September 20th, 2020 at 9:38 AM ^

Not to mention that the testing done for myocarditis has shown been to be way too sensitive, in other words showing false positives that particularly apply to high end athletes. Marathon runners generate conditions that show myocarditis. 

"The accumulating data also confirmed that the sicker patients are, the more likely myocardial injury coexists. While some cardiologists inexplicably take this to mean that "acute myocardial injury is commonly observed in COVID-19 and is prognostic for worse outcomes," the data are horribly confounded by indication bias. Essentially, the patients most often tested for cardiac injury are those who are very sick with COVID-19. This is suggestive of correlation, not causation.Of note no studies to date have been able to establish a direct mechanism of cardiac cell injury by the virus. There are a number of case reports and anecdotes that have received widespread coverage, but the published reports don't stand up to closer scrutiny."

https://www.medscape.com/viewarticle/936098

BoFan

September 19th, 2020 at 1:15 PM ^

Agree that the Big10 has set a medical standard with a high bar for how to play football.  Players wont be getting COVID from playing football, rather they will only be getting it from outside activities. So, there is theoretically no increase in myocarditis risk from football while the additional heart screening seems both conservative and appropriate.  This kind of testing is an example of how the rest of the school and the country can get back to work as well, rather than the ridiculous “less testing” approach advocated by POTUS. 
 

However, with daily testing football is taking up far too much of the testing capacity.  You cannot just use the percentage of players as compared to the total student population, you have to factor in the very high testing rate and compare it to how often, eg once per week, you might want to test the entire student body.  It starts to add up fast.  
 

Also, the high medical standards are great as long as we play other Big10 teams but that all falls apart as soon as you get into a playoff or bowl game. 

bklein09

September 19th, 2020 at 1:21 PM ^

I just wonder how we’re all going to feel when a high profile player gets COVID, gets an MRI, has signs of myocarditis, and then has to sit for 3-6 months and hope it resolves.

Imagine it happens to one of Michigan’s best players or to someone like Fields. What would that do to their draft stock? Would probably be far worse than the Mo Hurst situation.

I’m not saying it’s a reason not to play, but it’s going to be a big deal when/if it happens.

Ric8057

September 19th, 2020 at 11:07 PM ^

Why is this more reprehensible than any athlete risking life and limb any given weekend? We have known CTE has devastating long lasting effects for years now and very few are petitioning to shut down football because of it. 

If we have quick testing in place with reasonable measures to protect those they come in contact with, why should it be any different?

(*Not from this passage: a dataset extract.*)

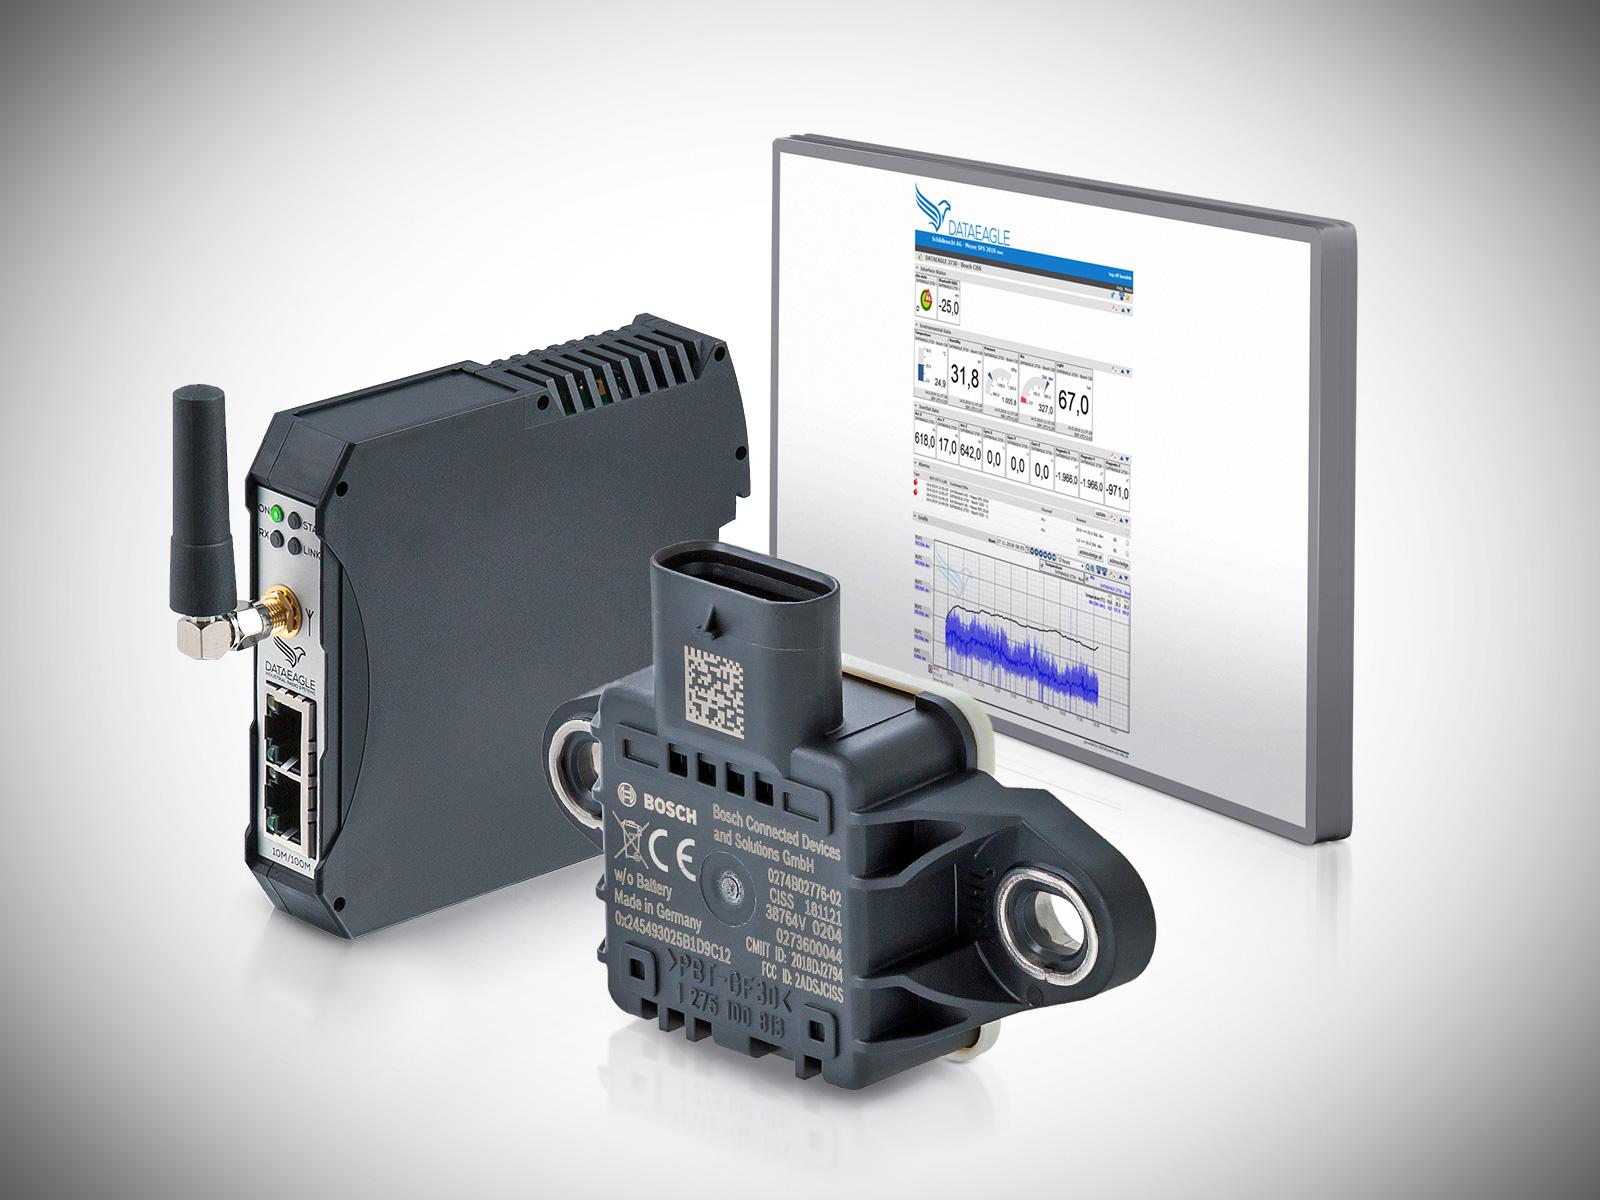 Condition Monitoring System - IoT Datenfunkmodem, Bosch Multisensor und DATAEAGLE Portal für die Fernüberwachung von Motoren und Maschinen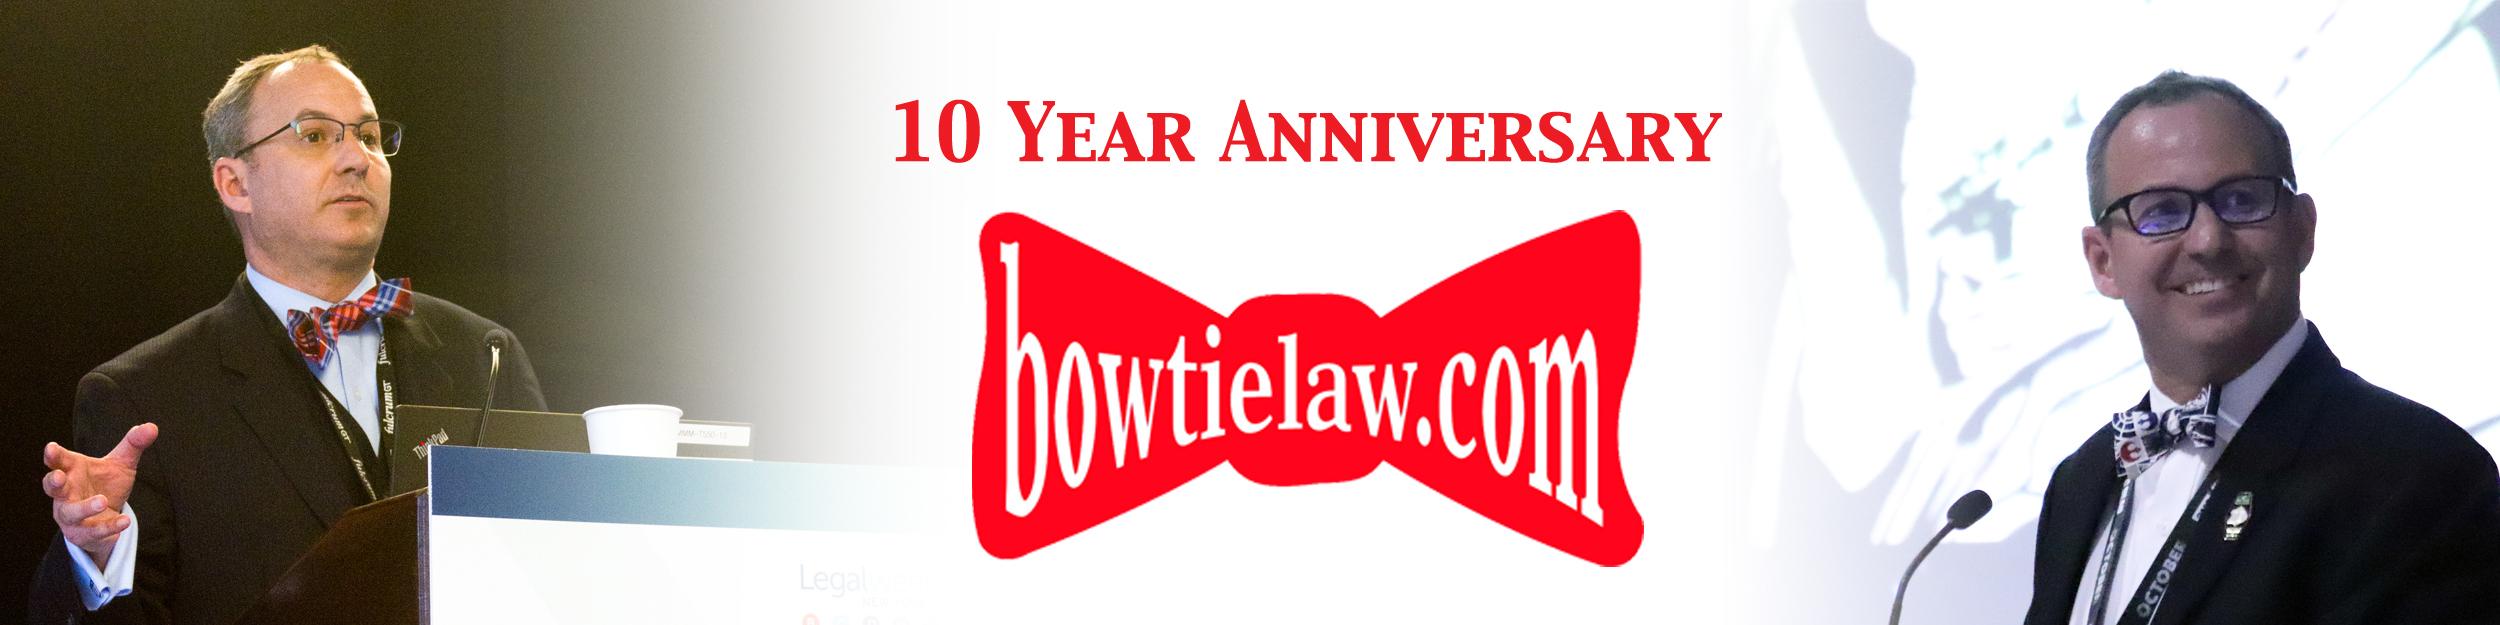 Bow Tie Law

There have been numerous big name athletes to get it and it’s been forgotten in days. Tom Hanks had it! Remember that?! Probably not until I reminded you.

bronxblue

September 19th, 2020 at 11:56 PM ^

You do realize people ignored the dangers of CTE for decades and only started to pay attention when a bunch of former players started showing awful effects, including death and mental illness, as a result?  I don't get the argument that because we ignored an inherent danger of a sport until hundreds of people died unncessarily (and since have been making strides in treatment, early detection, and improved equipment to mitigate said risk), we should do the same here because we don't know the long term risk.  That's the whole point of preemptive measures.

Anyway, we live in a world where over 200k people have died from COVID-19, including younger people, and yet we're still seemingly arguing about the danger it poses.  

wolverine1987

September 20th, 2020 at 10:41 AM ^

I know. Instead of arguing we should accept the facts that the risks from Covid to people under 50 are very low, which is confirmed in all the data that exists. And that the fact that some younger people have died does nothing whatsoever to change that statistical fact. If we accepted that fact and proceeded rationally, we would be arguing about how to best protect the truly vulnerable, supporting them financially, and taking public measures to do so. Instead we argue about how to protest the athletes who have the same risk from Covid as they do flu, another fact. The arguments should be about how to best protect the truly vulnerable from the athletes and students, by appropriate social distancing, financial support if they can't work, and other public health and welfare measures.

wolverine1987

September 20th, 2020 at 11:18 AM ^

Here is an informative interview with two Harvard epidemiologists in Jacobin, which in case people don't know, is a progressive outlet with the furthest possible orientation away from Trump. They argue the precise opposite of the consensus that Brian represented, they state there is no medical reason whatsoever to keep schools and colleges remote. At risk teachers and staff should work remotely they argue, not students. 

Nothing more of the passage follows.